[PATCH] D49621: [libFuzzer] Initial implementation of weighted mutation leveraging during runtime.

Tue Jul 31 15:57:18 PDT 2018

kodewilliams added inline comments.

================
Comment at: lib/fuzzer/FuzzerMutate.cpp:23
+const double kDefaultMutationWeight = 1;
+const double kDefaultMutationStat = 1 / (100 * 1000);

----------------
Dor1s wrote:
> metzman wrote:
> > Dor1s wrote:
> > > kodewilliams wrote:
> > > > Dor1s wrote:
> > > > > metzman wrote:
> > > > > > Please add a comment to explain the significance of `100` and `1000` (frankly i don't know what the purpose is of either since we don't actually round anything).
> > > > > +1, what is it for?
> > > > It is just there to represent a usefulness ratio that is near to but not entirely useless. So that it still gets weight instead of calculating to 0.
> > > That doesn't seem right to me. Let's say we have a tough target -- where it's hard to reach any new coverage.
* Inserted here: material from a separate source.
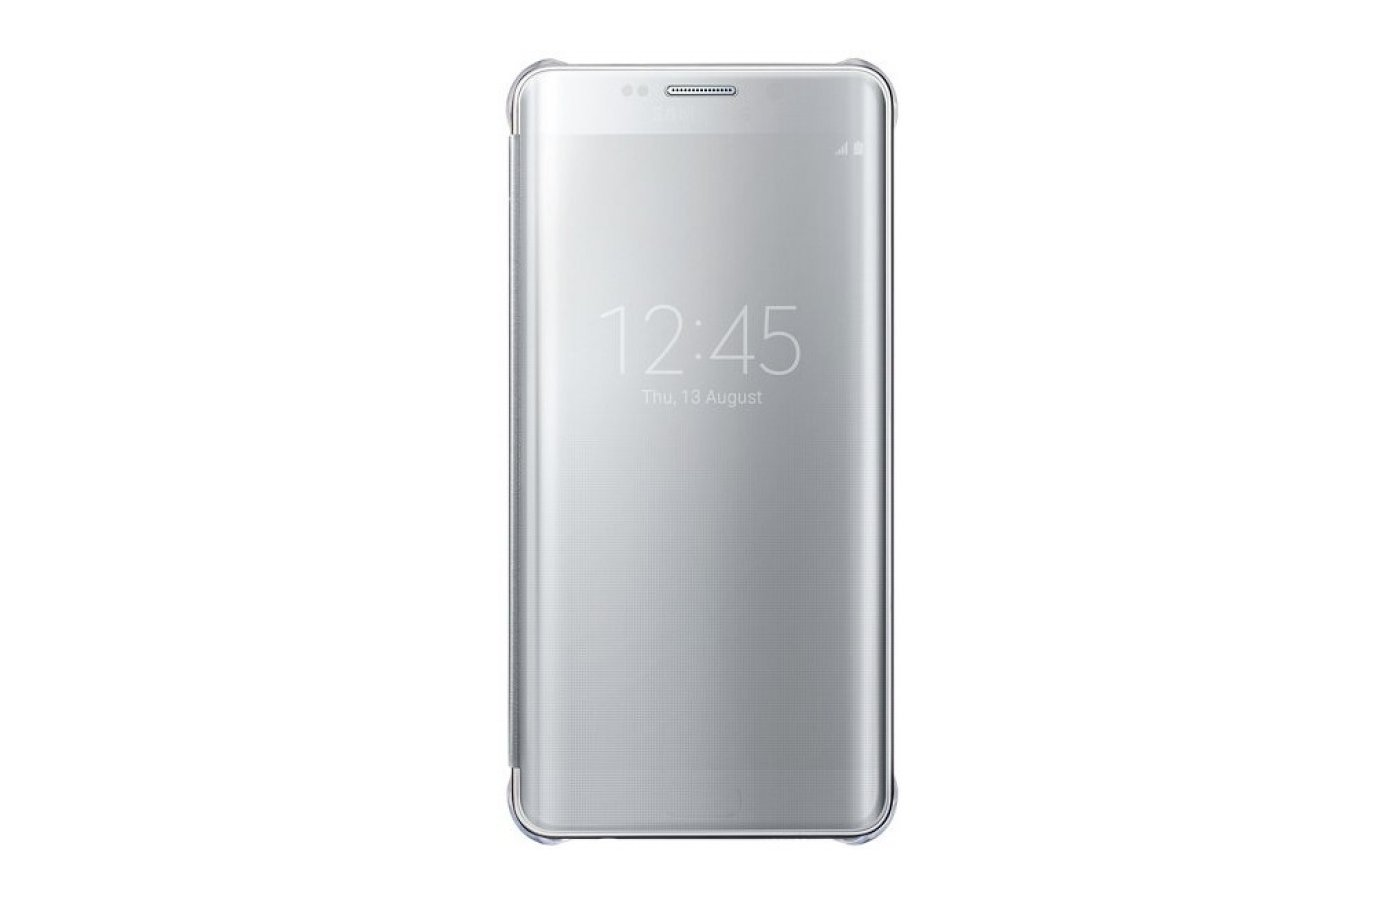 Чехол Samsung ClVCover для Galaxy S6 Edge+ (SM-G928) (EF-ZG928CSEGRU) серый

In fact, we have a lot of them, when we use a full corpus.
> > > 
> > > So, after running for a while, it finally finds a couple useful mutations, all of them get weights, say, 10^(-6) (again, totally possible), while all "useless" mutations get the default weight of 10^(-5). That would mean, "useless" mutations would be chosen much more often than "useful" ones.
> > > 
> > > IMO, the better approach would be something like what we've discussed in the past:
> > > 
> > > 1) make random decision whether we use weighted mutations or default selection, 80% vs 20% should be fine. Once start testing, can change to 90 vs 10 or any other proportion
> > > 2) if weighted mutations was chosen, call WeightedIndex(); otherwise, use default case
> > > 
> > > That approach would be universal as it doesn't use any magic numbers which correspond to a particular target, as your 100*1000 can behave very differently with targets having different speed.
> > I think it will be harder to determine if this technique is useful with the 80/20 strategy.
> > If the concern is that the weight is too high, why don't we use the smallest positive double as the default?
> > I think it will be harder to determine if this technique is useful with the 80/20 strategy.
> 
> Why will it be harder? That percentage would just control the factor of how strongly our strategy affects fuzzing process. We should still be able to see either a negative a positive impact. Changing the distribution (e.g. use 90/10 after 80/20) would multiple that impact a little bit.
> 
> 
> > If the concern is that the weight is too high, why don't we use the smallest positive double as the default?
> 
> I can't think of a value that would work well for both cases when useful mutations have stats like 10^(-3) and 10^(-6). We should avoid relying on anything that depends on fuzz targets speed / complexity of finding a new input. We already have magic threshold of 10000, let's not add more of those.
> 
@metzman @Dor1s PTAL. Made changes and ran tests. Test in question is no longer flaky (ran about 50 times) and ran two experiments locally. In both cases, the corpus grew more with the option enabled :) so maybe a good sign.

================
Comment at: lib/fuzzer/FuzzerMutate.cpp:595
+  for (size_t i = 0; i < Stats.size(); i++)
+    Stats[i] = (Mutators[i].UsefulCount * 1.0) / Mutators[i].TotalCount;
+}
----------------
Dor1s wrote:
> here and on line 603, what's the point of multiplying by 1.0? 
Both UsefulCount and TotalCount are uint64_t but Stats is a vector of doubles, so I multiply by 1.0 to make sure it gets calculated as double.

Repository:
  rCRT Compiler Runtime

https://reviews.llvm.org/D49621